# DATA PROVIDED
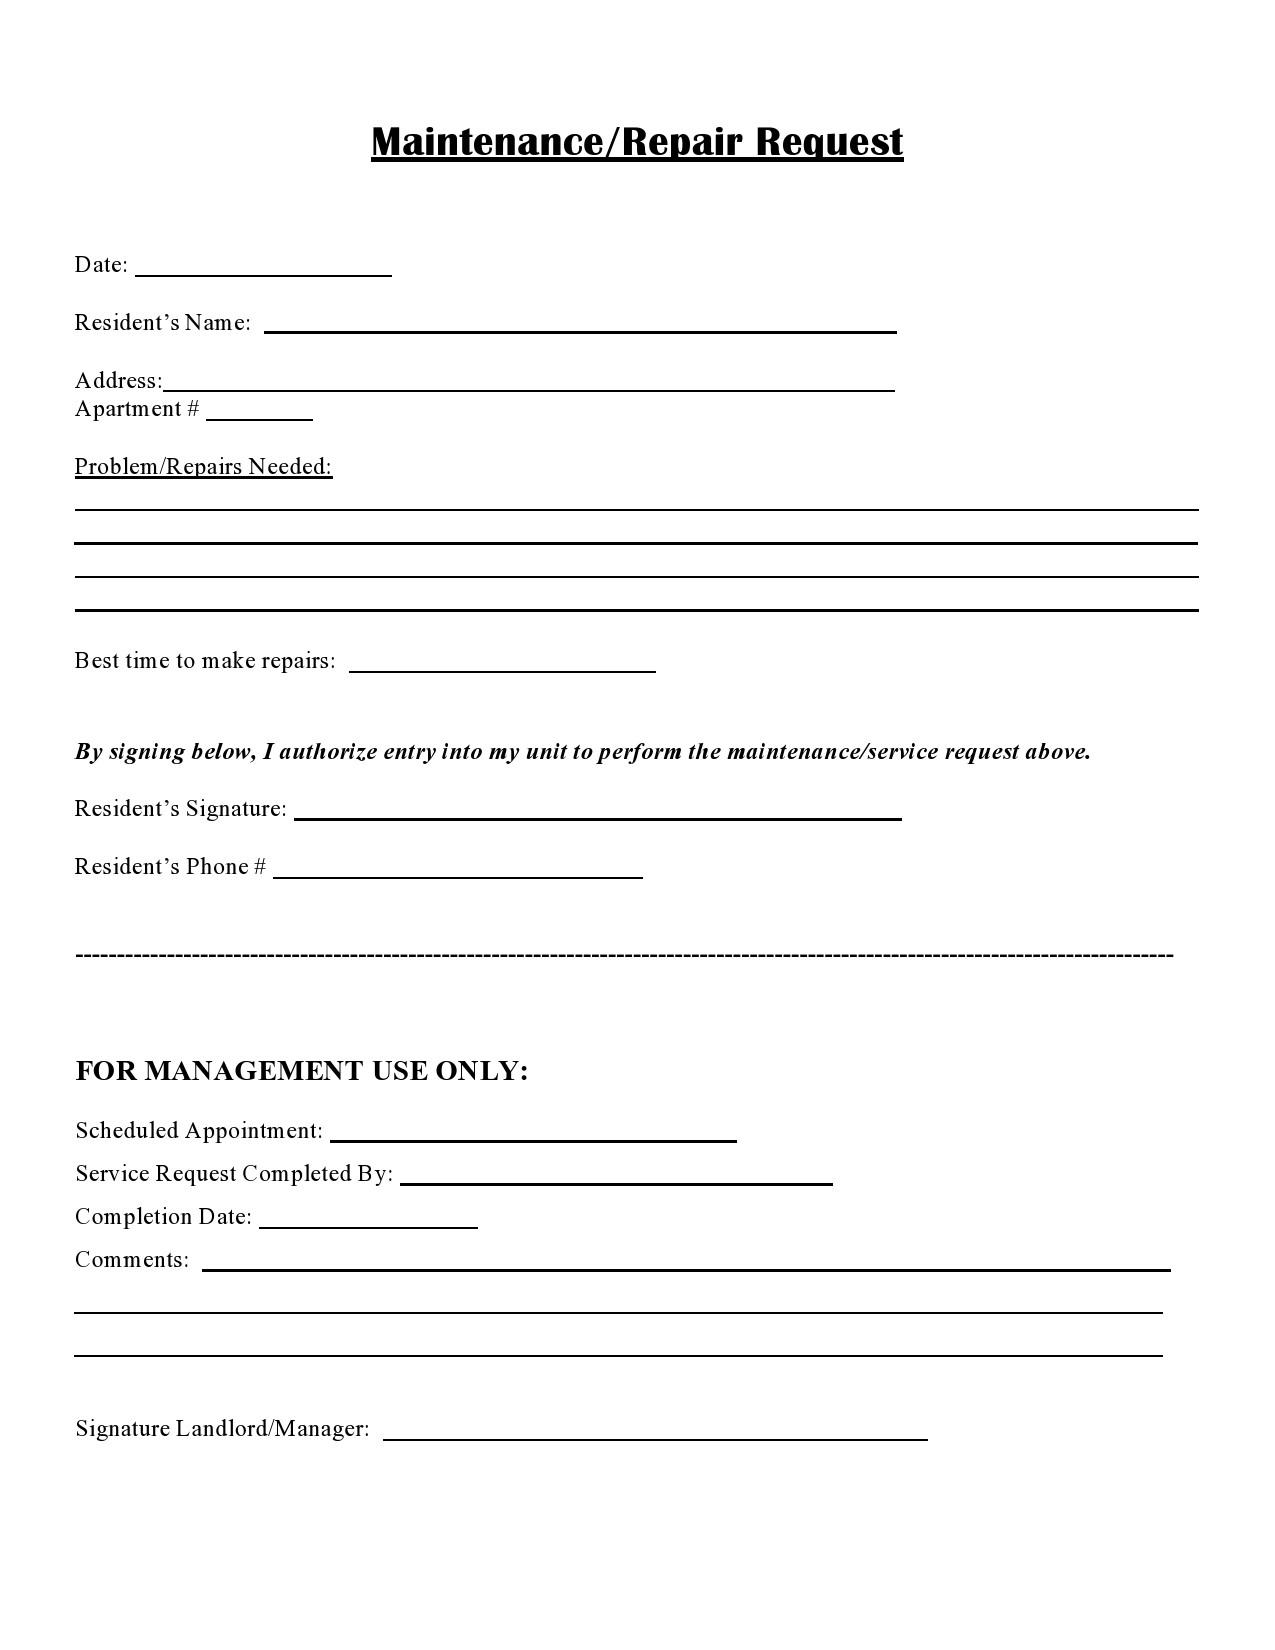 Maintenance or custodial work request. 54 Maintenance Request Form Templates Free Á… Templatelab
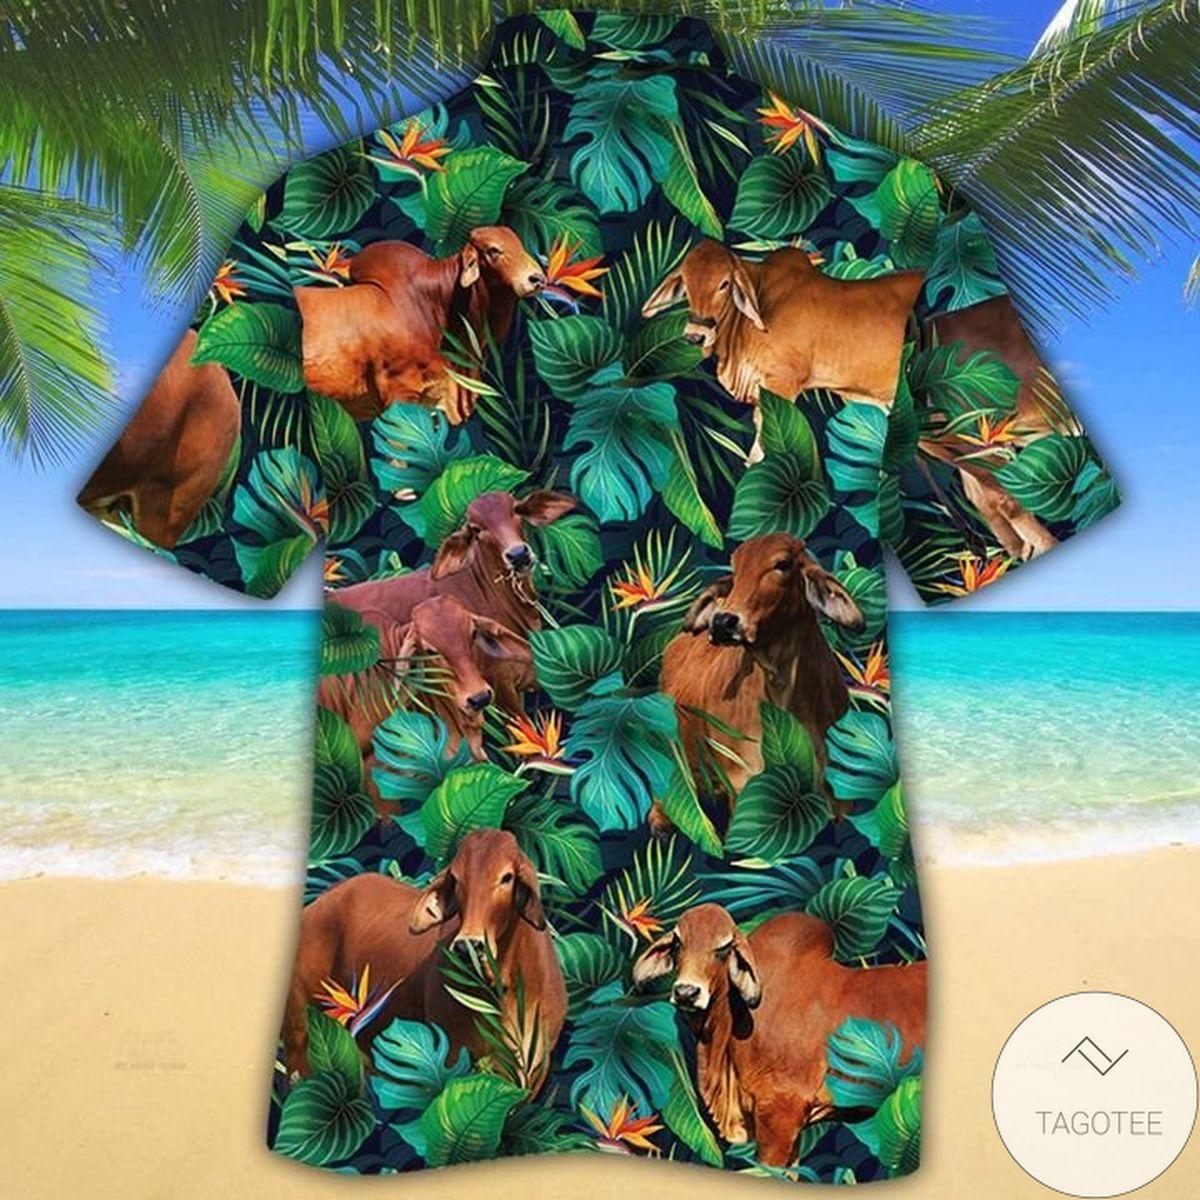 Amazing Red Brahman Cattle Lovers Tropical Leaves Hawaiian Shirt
* * *
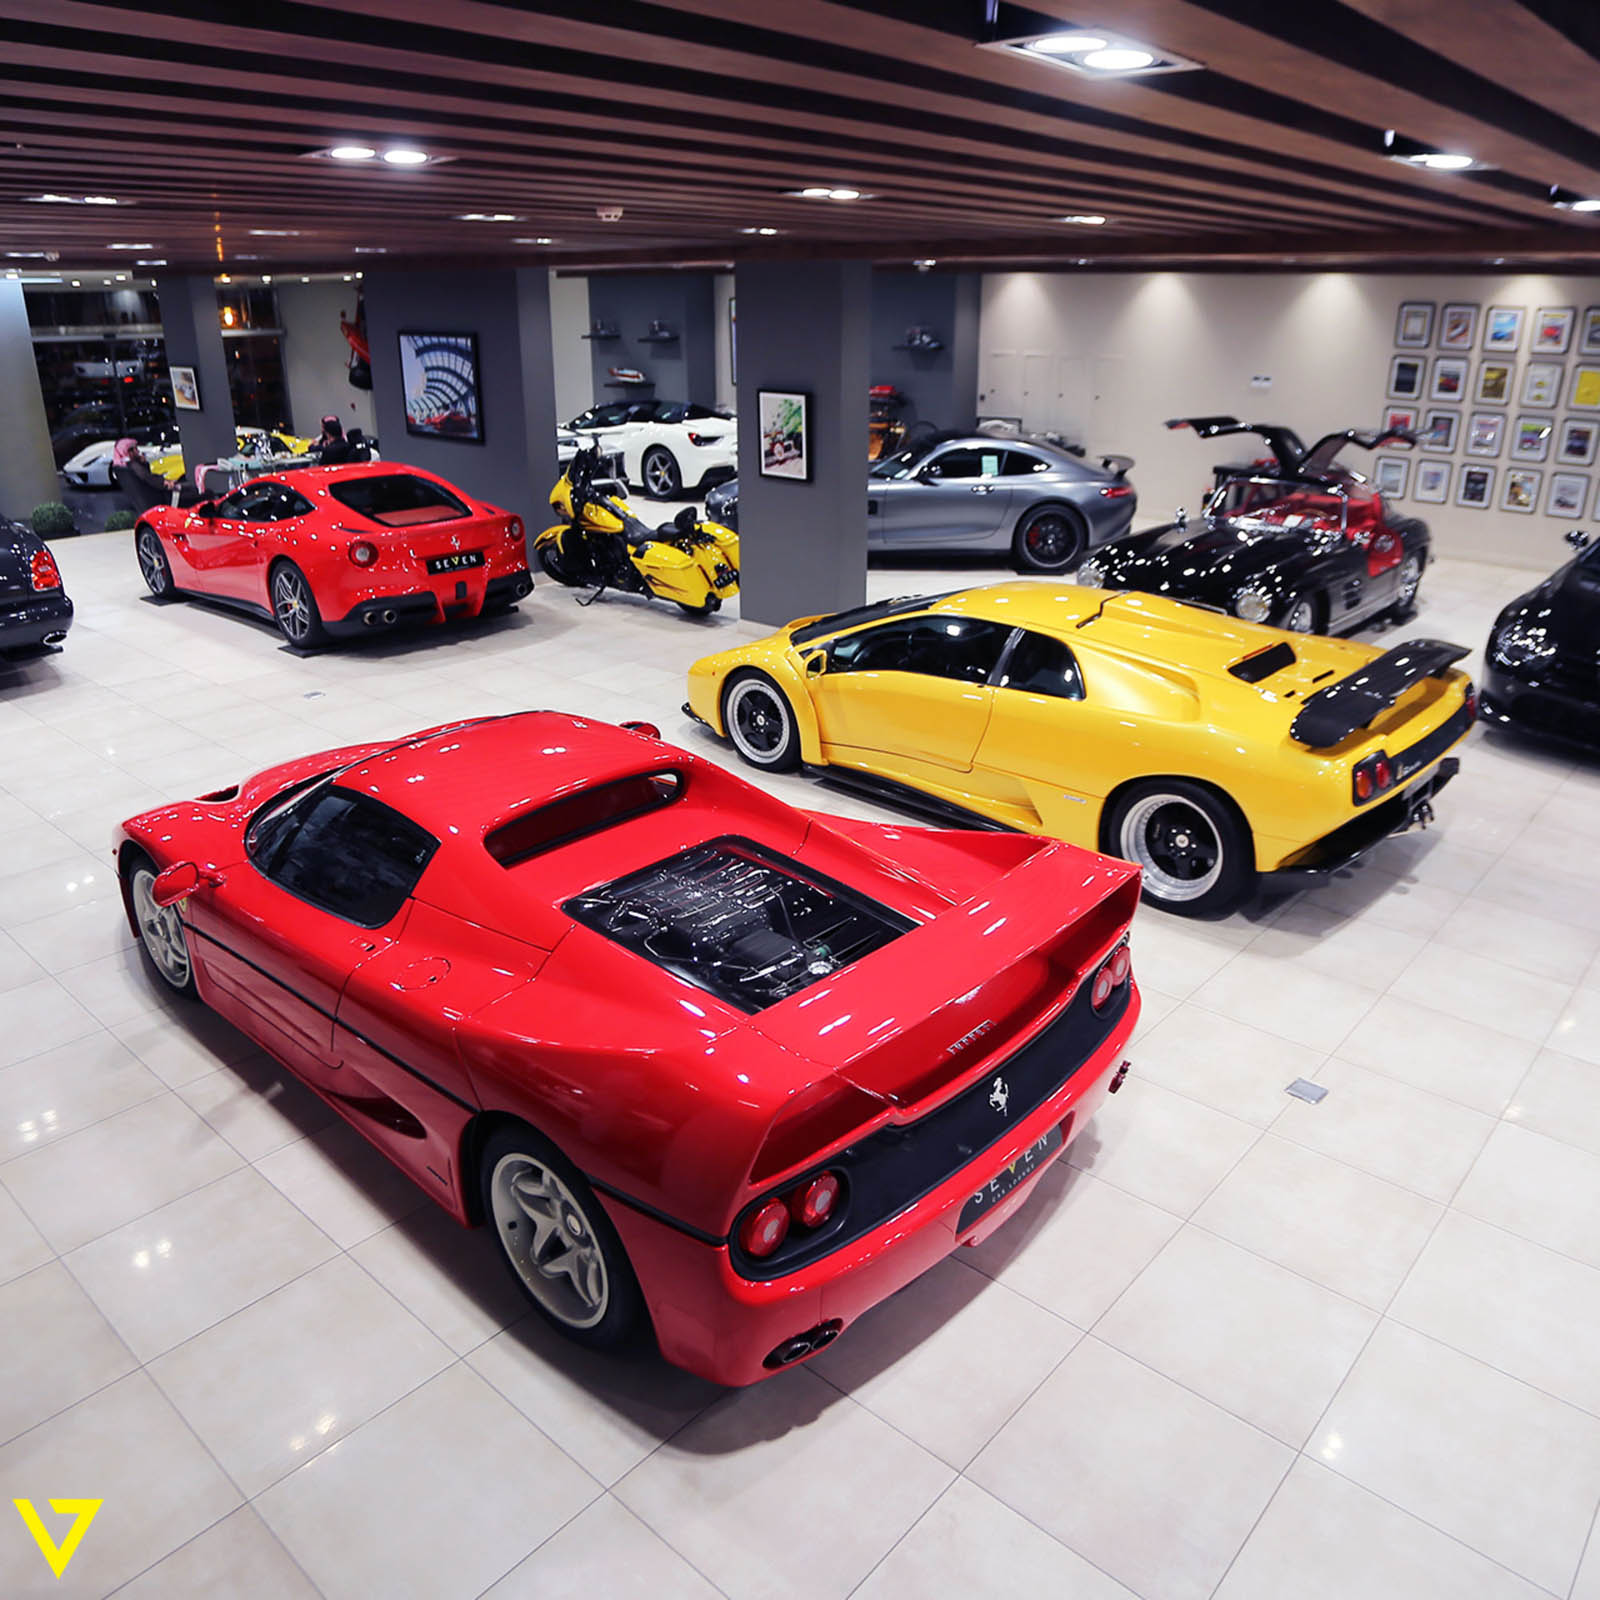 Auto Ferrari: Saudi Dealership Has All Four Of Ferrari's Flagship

# REQUIREMENT
Write out, word for word, the stretch of entries that begins at the line with "Maintenance or custodial" and ends at the line with "Amazing Red Brahman". Pictures do not belong in it.

# RESULT OF THIS EXERCISE
 Maintenance or custodial work request. 54 Maintenance Request Form Templates Free Á… Templatelab
 Amazing Red Brahman Cattle Lovers Tropical Leaves Hawaiian Shirt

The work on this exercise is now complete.